Am J Gastroenterol. 2013 Sep;108(9):1400-15; 1416. doi: 10.1038/ajg.2013.218. Epub 2013 Jul 30.

Abstract

This guideline presents recommendations for the management of patients with acute pancreatitis (AP). During the past decade, there have been new understandings and developments in the diagnosis, etiology, and early and late management of the disease. As the diagnosis of AP is most often established by clinical symptoms and laboratory testing, contrast-enhanced computed tomography (CECT) and/or magnetic resonance imaging (MRI) of the pancreas should be reserved for patients in whom the diagnosis is unclear or who fail to improve clinically. Hemodynamic status should be assessed immediately upon presentation and resuscitative measures begun as needed. Patients with organ failure and/or the systemic inflammatory response syndrome (SIRS) should be admitted to an intensive care unit or intermediary care setting whenever possible. Aggressive hydration should be provided to all patients, unless cardiovascular and/or renal comorbidites preclude it. Early aggressive intravenous hydration is most beneficial within the first 12-24 h, and may have little benefit beyond. Patients with AP and concurrent acute cholangitis should undergo endoscopic retrograde cholangiopancreatography (ERCP) within 24 h of admission. Pancreatic duct stents and/or postprocedure rectal nonsteroidal anti-inflammatory drug (NSAID) suppositories should be utilized to lower the risk of severe post-ERCP pancreatitis in high-risk patients. Routine use of prophylactic antibiotics in patients with severe AP and/or sterile necrosis is not recommended. In patients with infected necrosis, antibiotics known to penetrate pancreatic necrosis may be useful in delaying intervention, thus decreasing morbidity and mortality. In mild AP, oral feedings can be started immediately if there is no nausea and vomiting.

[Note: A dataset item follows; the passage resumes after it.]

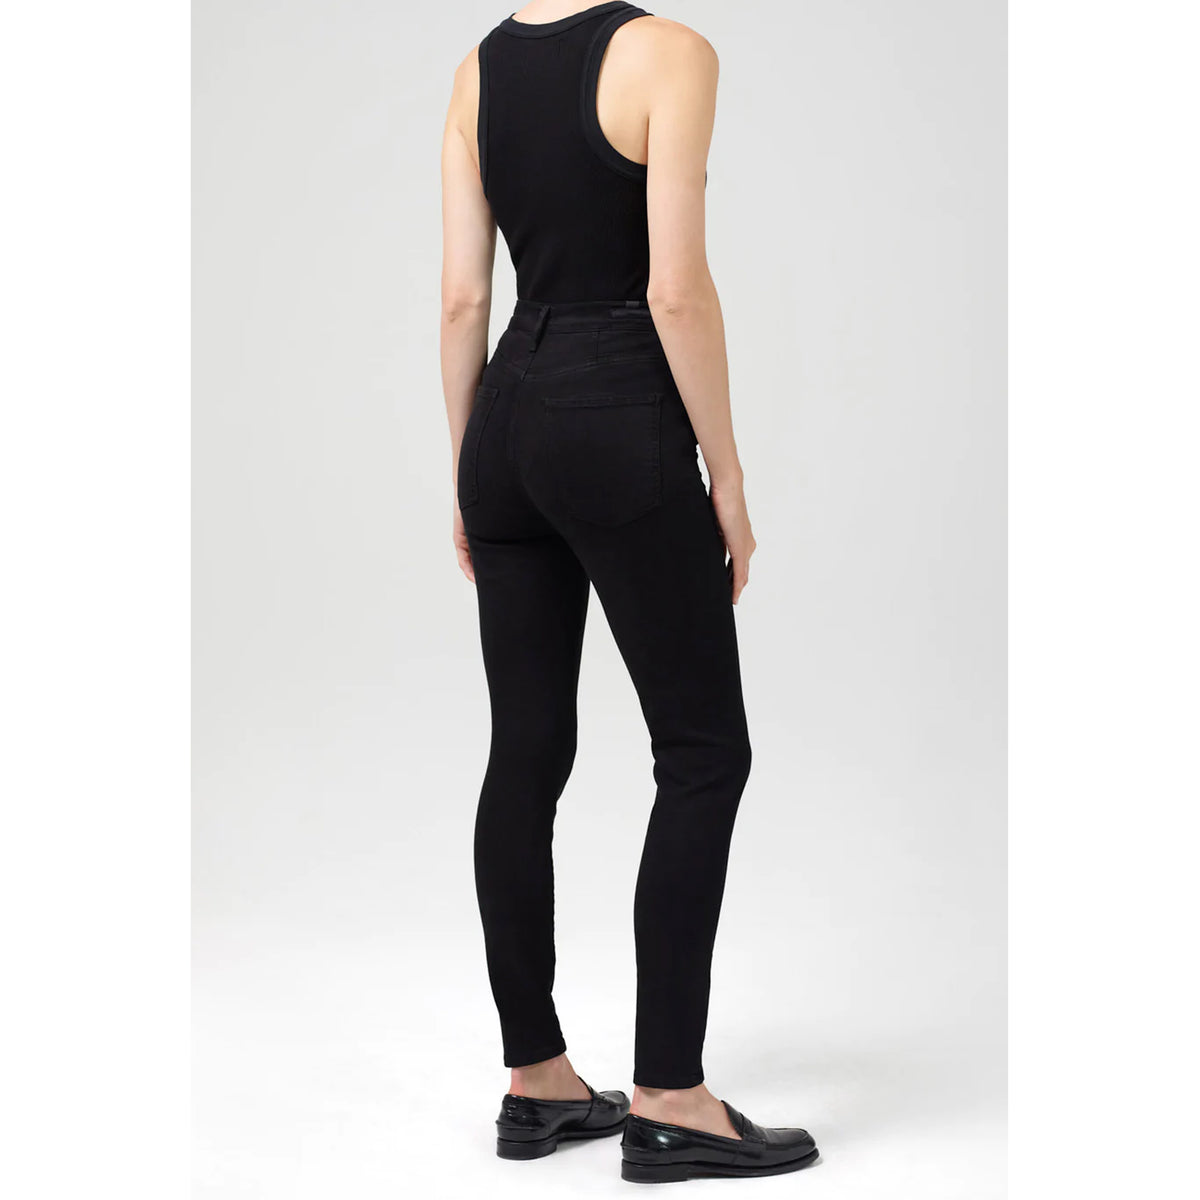 Citizens of Humanity Chrissy High Rise Skinny in Plush Black

In severe AP, enteral nutrition is recommended to prevent infectious complications, whereas parenteral nutrition should be avoided. Asymptomatic pancreatic and/or extrapancreatic necrosis and/or pseudocysts do not warrant intervention regardless of size, location, and/or extension. In stable patients with infected necrosis, surgical, radiologic, and/or endoscopic drainage should be delayed, preferably for 4 weeks, to allow the development of a wall around the necrosis.

摘要

本指南提出了急性胰腺炎(AP)患者管理的建议。在过去的十年中,人们对该疾病的诊断、病因以及早期和晚期治疗有了新的认识和发展。由于 AP 的诊断通常是基于临床症状和实验室检测结果,因此应将胰腺的增强计算机断层扫描(CECT)和/或磁共振成像(MRI)保留给诊断不明确或临床治疗无效的患者。应在患者就诊时立即评估血流动力学状态,并根据需要开始复苏措施。如果患者存在器官衰竭和/或全身炎症反应综合征(SIRS),应尽可能将其收入重症监护病房或中间护理病房。除非存在心血管和/或肾脏合并症,否则应向所有患者提供积极的补液治疗。在最初的 12-24 小时内,早期积极的静脉补液最为有益,超过这个时间可能收效甚微。患有 AP 且并发急性胆管炎的患者应在入院后 24 小时内行内镜逆行胰胆管造影术(ERCP)。对于高危患者,应使用胰管支架和/或术后直肠非甾体抗炎药(NSAID)栓剂以降低严重 ERCP 后胰腺炎的风险。不建议常规预防性使用抗生素治疗重症 AP 和/或无菌性坏死患者。对于感染性坏死患者,可能需要使用能够穿透胰腺坏死组织的抗生素,以延迟干预,从而降低发病率和死亡率。在轻度 AP 中,如果没有恶心和呕吐,可立即开始口服喂养。在重症 AP 中,建议使用肠内营养以预防感染性并发症,而应避免使用肠外营养。对于无症状的胰腺和/或胰外坏死和/或假性囊肿,无论其大小、位置和/或范围如何,均无需进行干预。对于稳定的感染性坏死患者,应延迟手术、放射和/或内镜引流,最好延迟 4 周,以便坏死组织周围形成一个壁。